Следующие свои слова она адресовала Нематоне.
– Ты старшая гутуитера; ты чествуешь приход новорожденных в этот мир, как жрецы чествуют переход умерших в иной мир. Мы чтим твою мудрость. Скажи мне, Дочь Деревьев, разве не правда, что друиды изменяют погребальные обряды, песнопения и жертвоприношения в соответствии с тем, кто именно перешел в другой мир? Разве не должны похороны соответствовать его значению, как форма одежд соответствует телу?
– Да, это правда, – согласилась Нематона.
– Стало быть, моему прославленному мужу, чье имя останется в памяти грядущих поколений, должны быть возданы особые почести?

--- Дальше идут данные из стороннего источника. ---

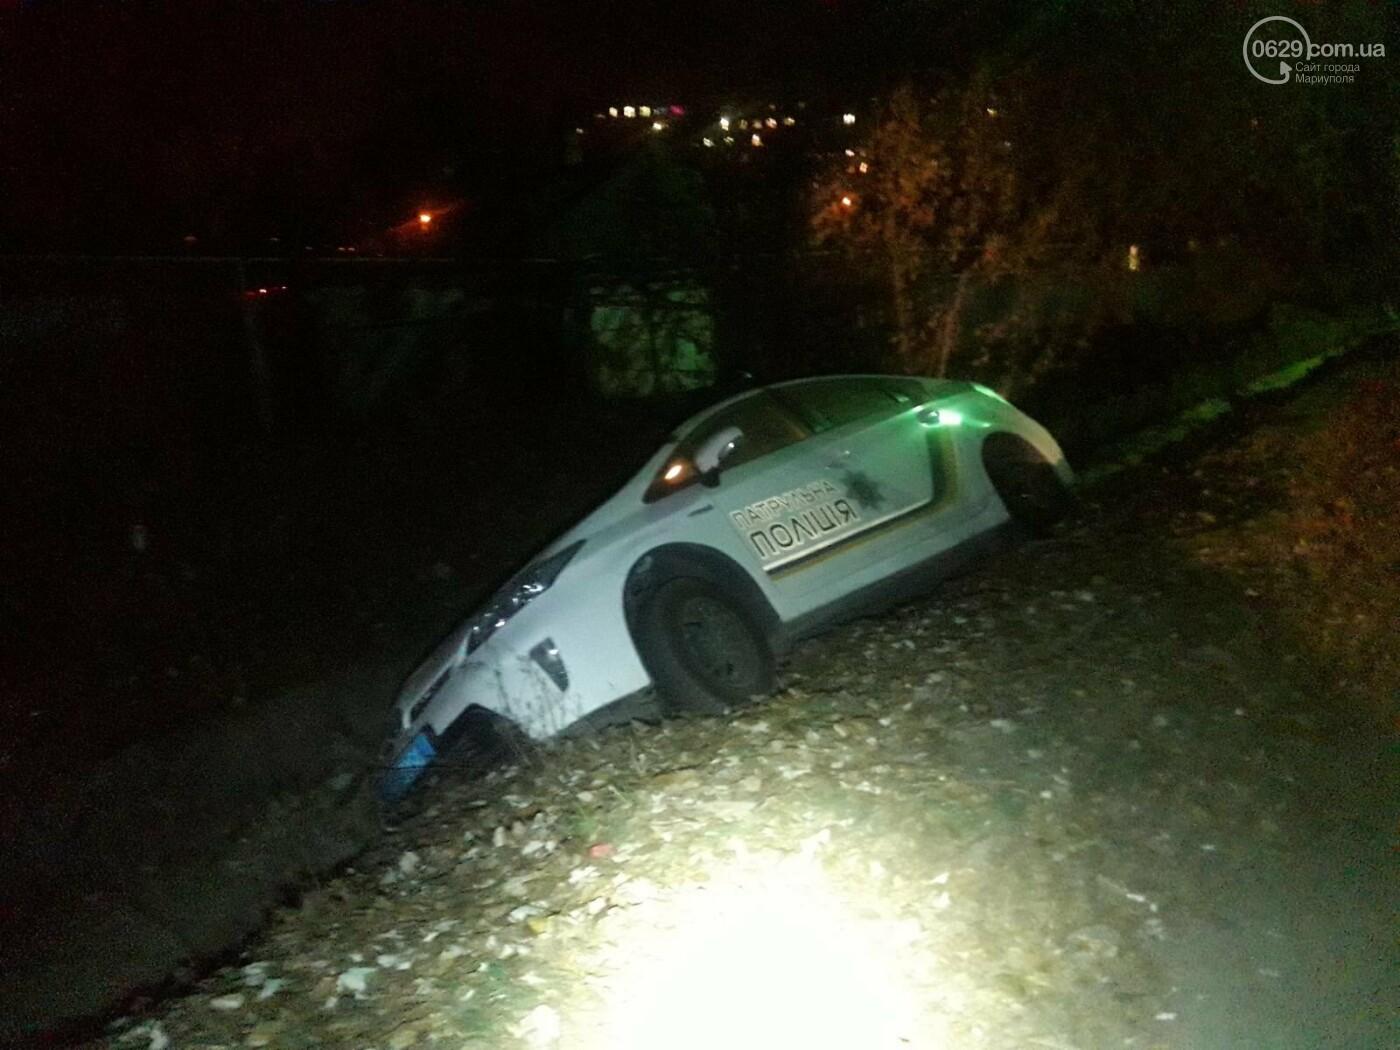 В Мариуполе полицейский автомобиль съехал в кювет,-ФОТО, фото-3
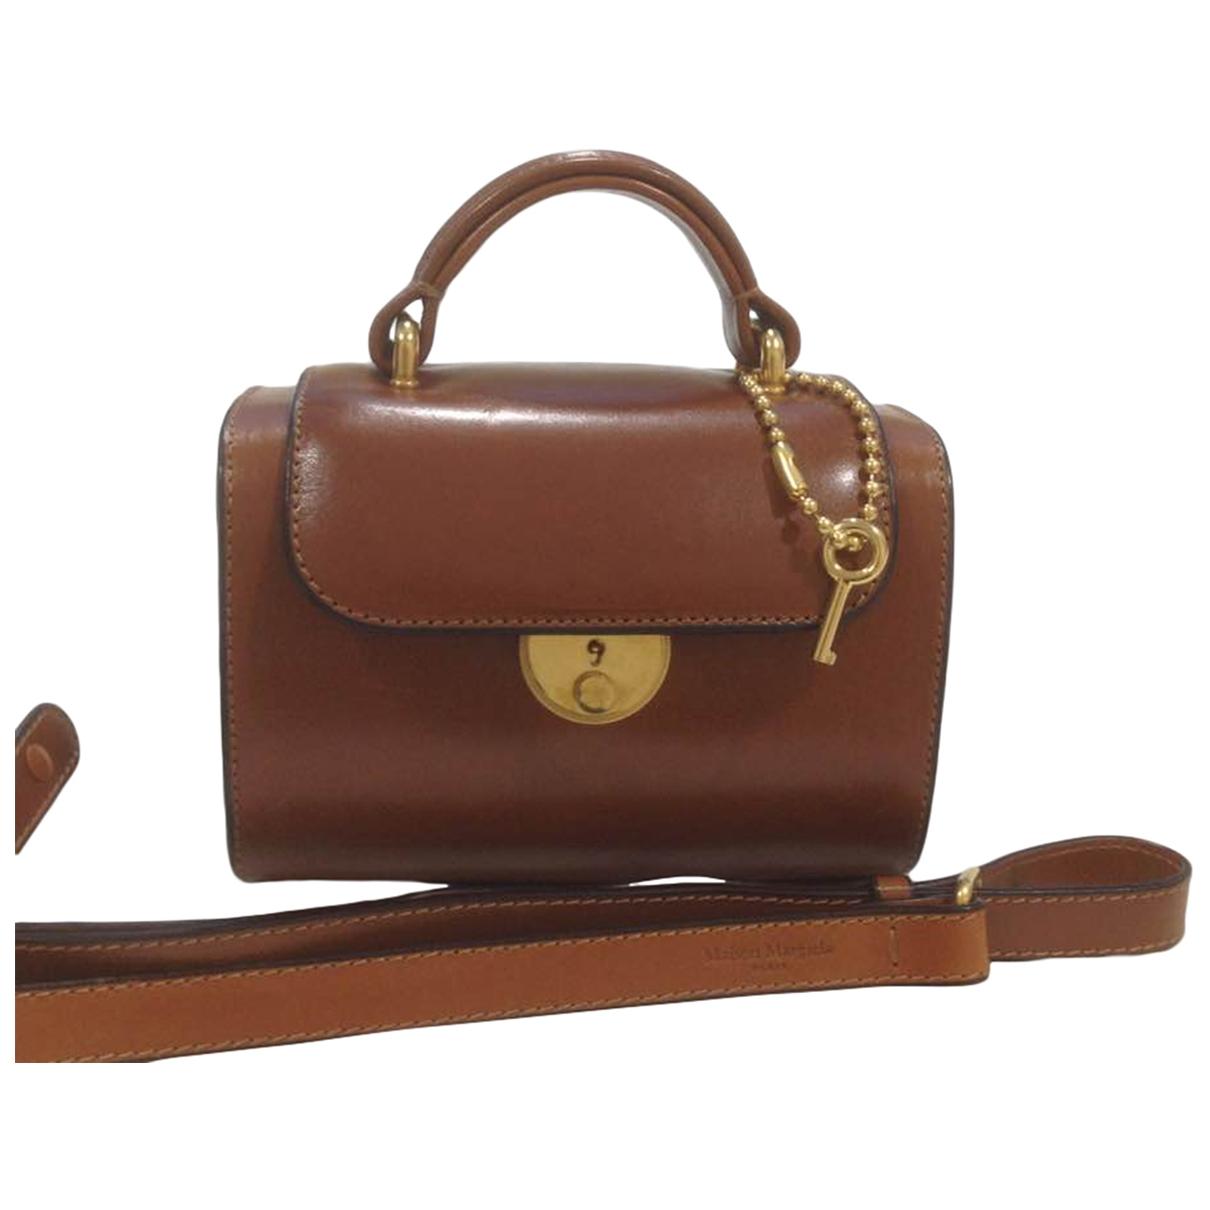 Maison Martin Margiela \N Brown Leather handbag for Women \N

Нематона помедлила с ответом, не зная, что думают по этому поводу другие друиды, но в общей напряженной атмосфере она не могла угадать их мысли.
– В твоих словах есть смысл, – наконец осторожно ответила Нематона. Лучше не принимать на себя никаких обязательств, пока она не поймет окончательно, куда клонит Ригантона, и не посоветуется со всеми друидами.
Ригантона, однако, с удовлетворением улыбнулась. Настроение собравшихся было вполне подходящим для того, чтобы начать торговаться; улавливать этот момент она научилась, еще стоя за спиной мужа.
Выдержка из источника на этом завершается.